A few films I haven’t seen that look interesting:
- Story of a Love Affair: Michelangelo Antonioni’s first feature; I assume they’re very different from the ones we know.
- Never Let Go: Peter Sellers plays a none-funny villain in this British thriller. One of the few movies in the festival that doesn’t need subtitles.
- The Devil Strikes At Night: Set in Nazi Germany, this 1957 West German flick follows the search for a serial killer. But in the Third Reich, politics get in the way of politics. Directed by Robert Siodmak.
Mostly British Film Festival
Vogue, February 13 – 20
Here’s your chance to see foreign films without subtitles. This mostly British festival screens English-language new films from the United Kingdom, Ireland, Australia, New Zealand, India and South Africa.
I’ve seen two of the films, and they’re playing one right after the other:
Some are calling Jenna Bass’ wild road movie a feminist western. I can see why – even if it’s set in modern-day South Africa. It has wide open spaces, a horse, and climaxes with a shoot-out. Like any good western, it’s a lot of fun to watch. And with its mixed-race women protagonists and its generally negative view of men, it’s certainly feminist. But whatever genre you want to put it into (I’d say a chase film), it’s funny, suspenseful, and surprising at every turn. You can read my longer report.

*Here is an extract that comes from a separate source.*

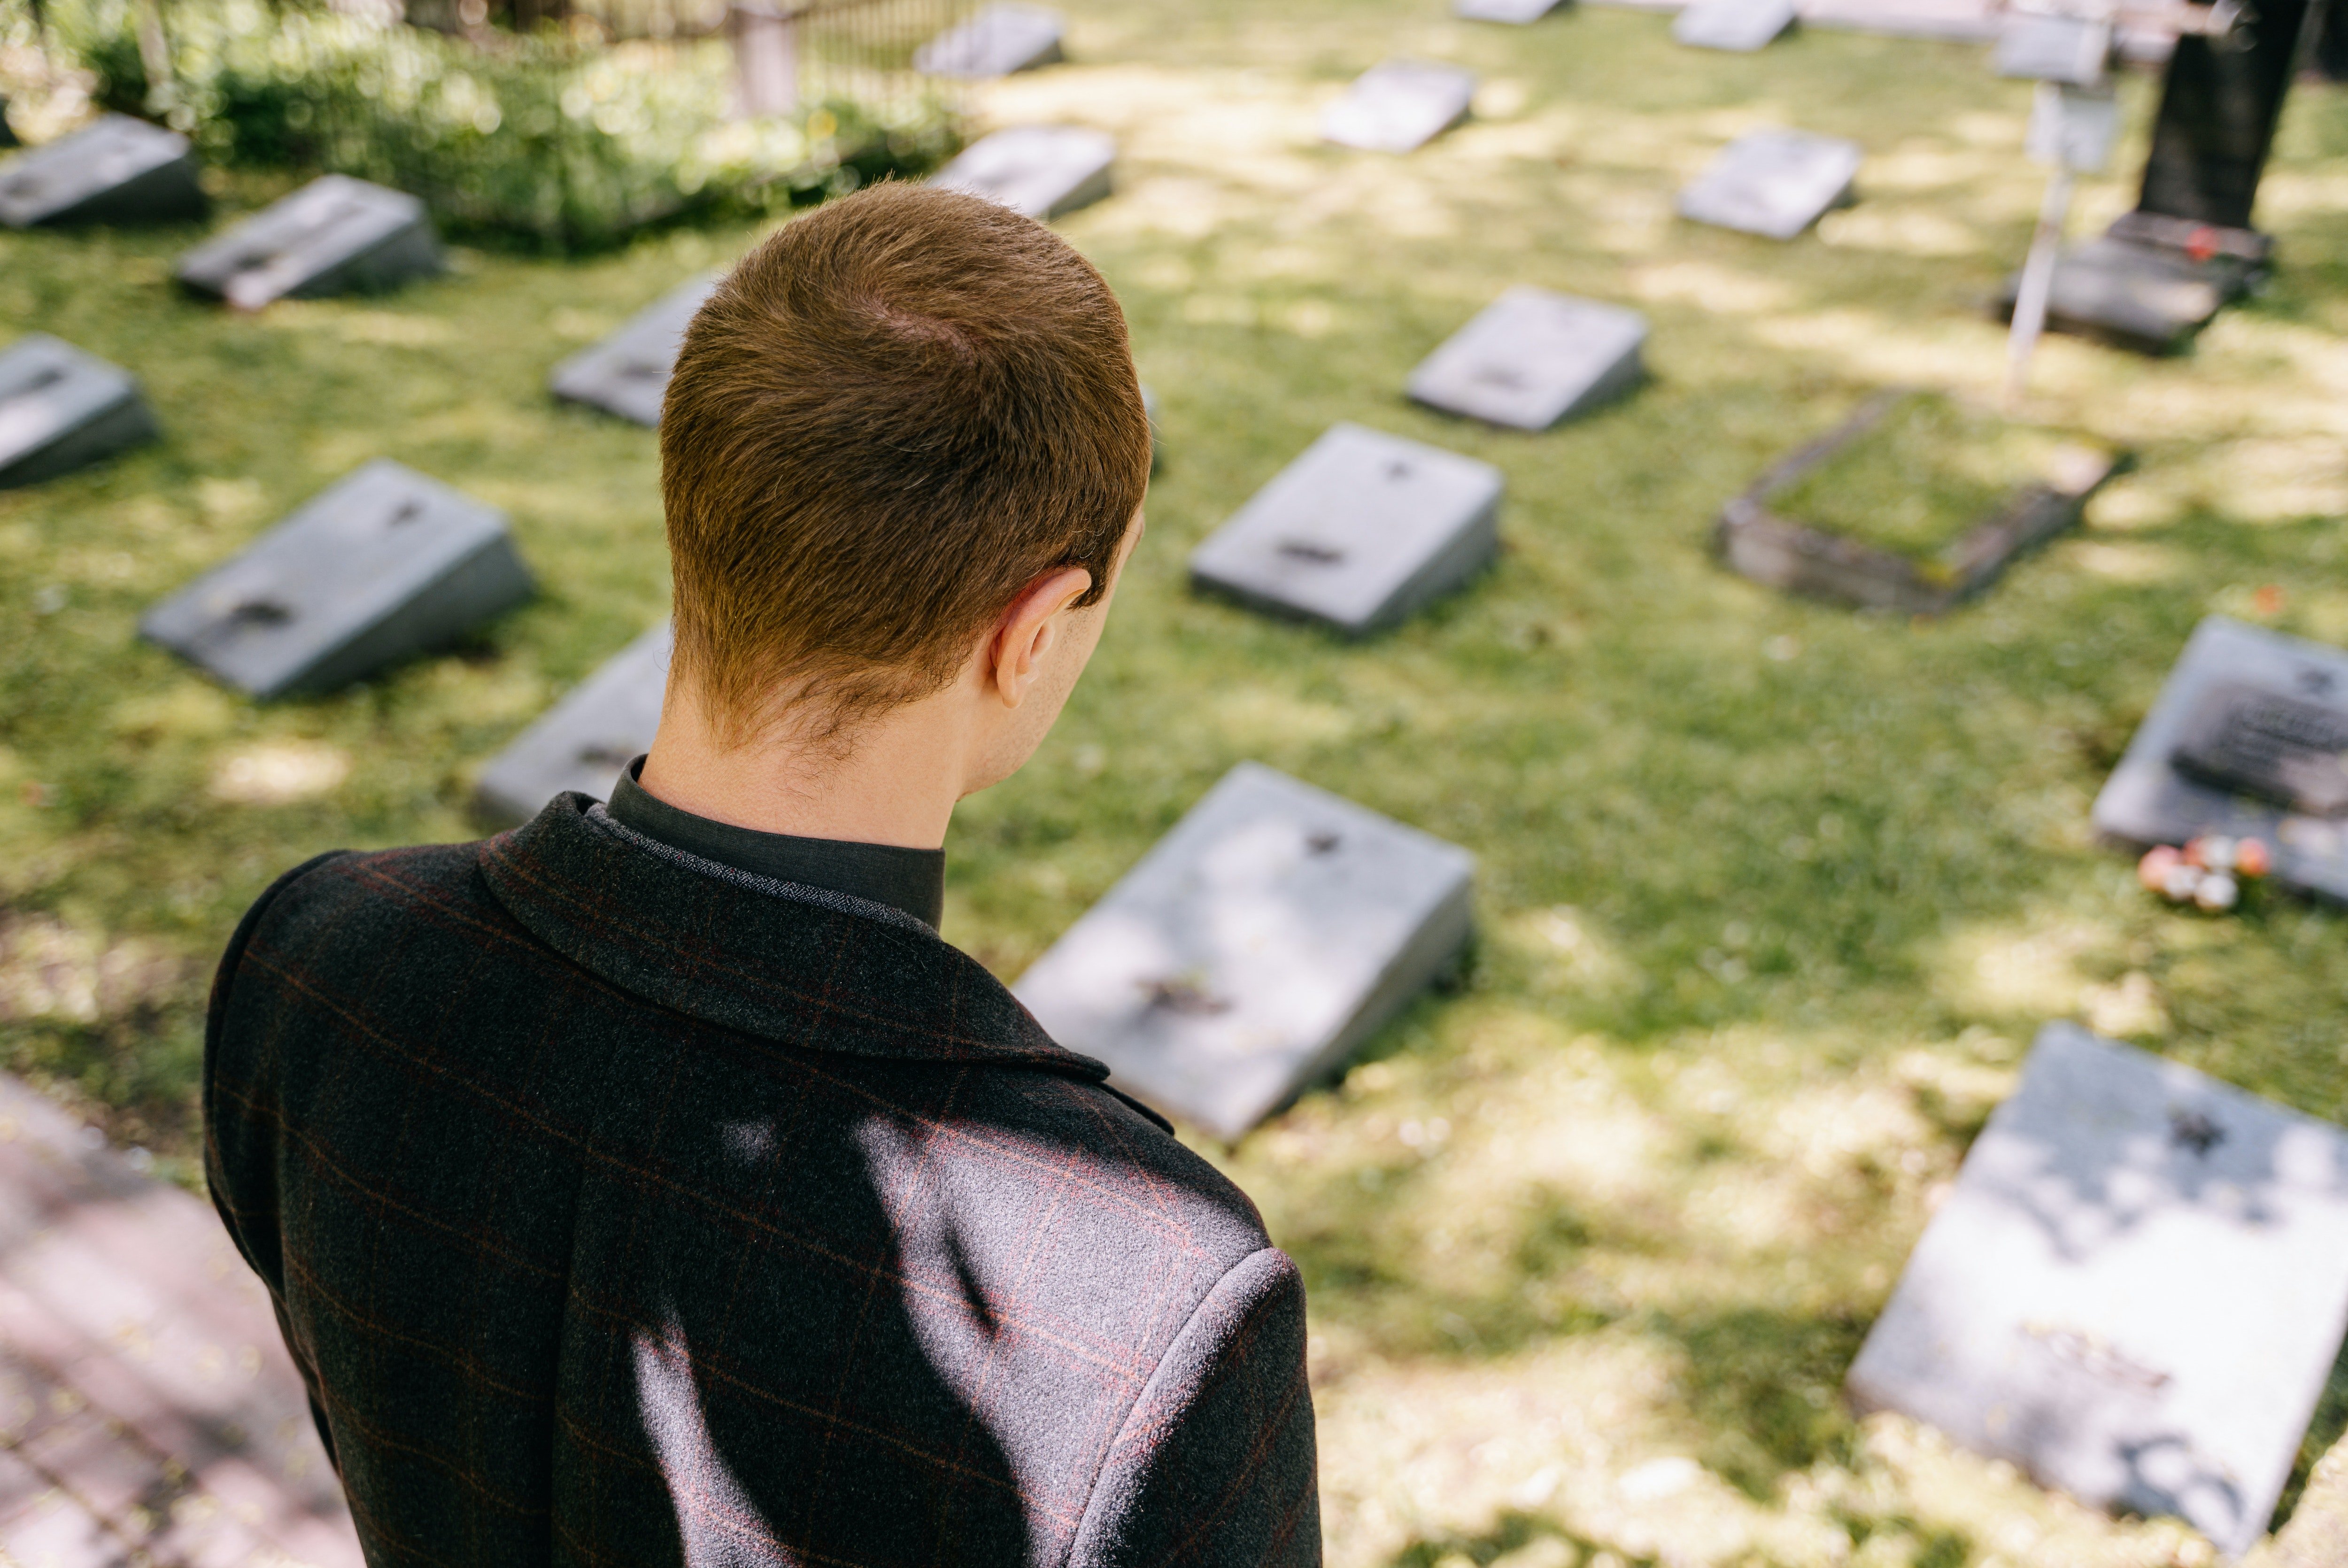 Even 10 years later, Todd couldn't move on from his dad's death & he missed him. | Source: Pexels
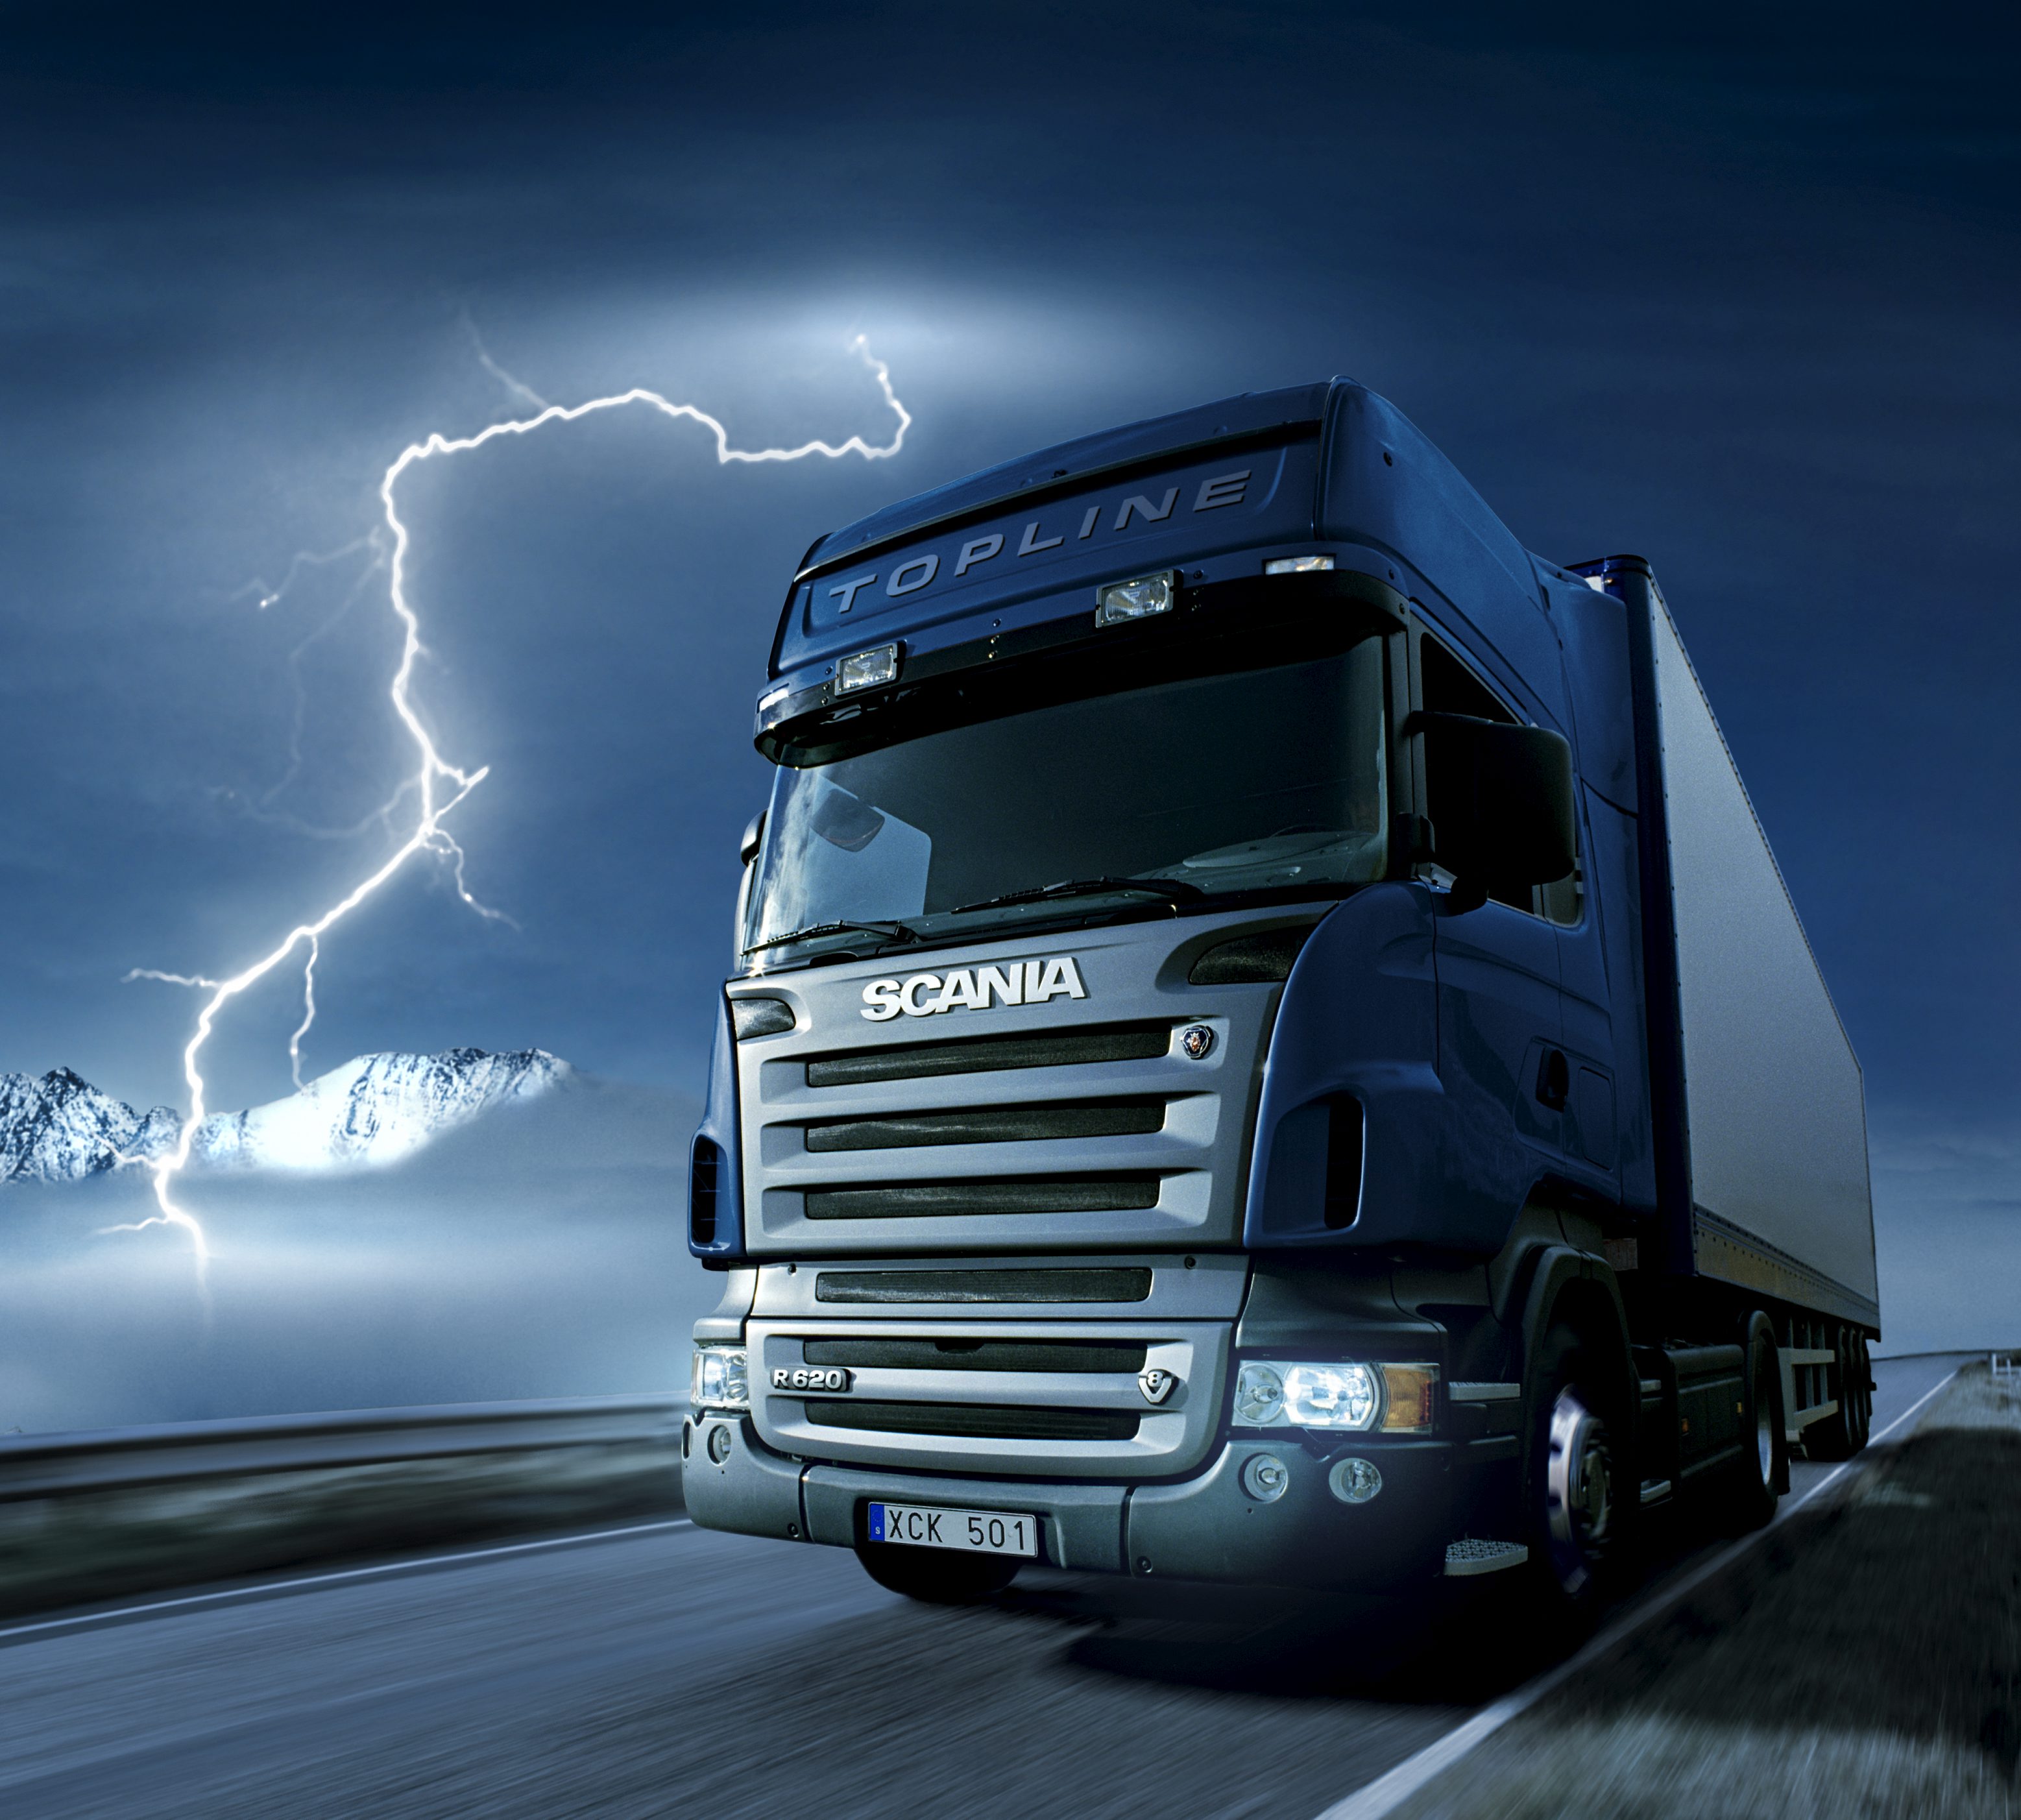 Wallpapers Volvo Truck Fh Hd

Flatland plays at the Vogue Tuesday, February 18, at 4:30.
A- Sorry We Missed You
Imagine a food that you absolutely hate, but you eat it anyway because it’s good for you. That’s the experience of seeing Ken Loach’s grim but necessary attack on the gig economy. A man struggles to make money delivering packages. In theory, he’s an independent contractor, but he’s much worse off than an employee. His wife, a nurse, is also in the gig economy. Neither of them has time to take care of their children. With almost no happy moments, Sorry We Missed You is like an empathy bomb, forcing you to care for the working poor.
As one of the festival’s Centerpiece films, Sorry We Missed You will screen right after Flatland at 7:00, Tuesday, February 18, at the Vogue.
Appropriately for Valentine’s Day, all of the films on Friday the 14th will be romances.
Of the vast majority of films that I haven’t seen, the one I’m most excited about is a rethinking of Hamlet called Ophelia.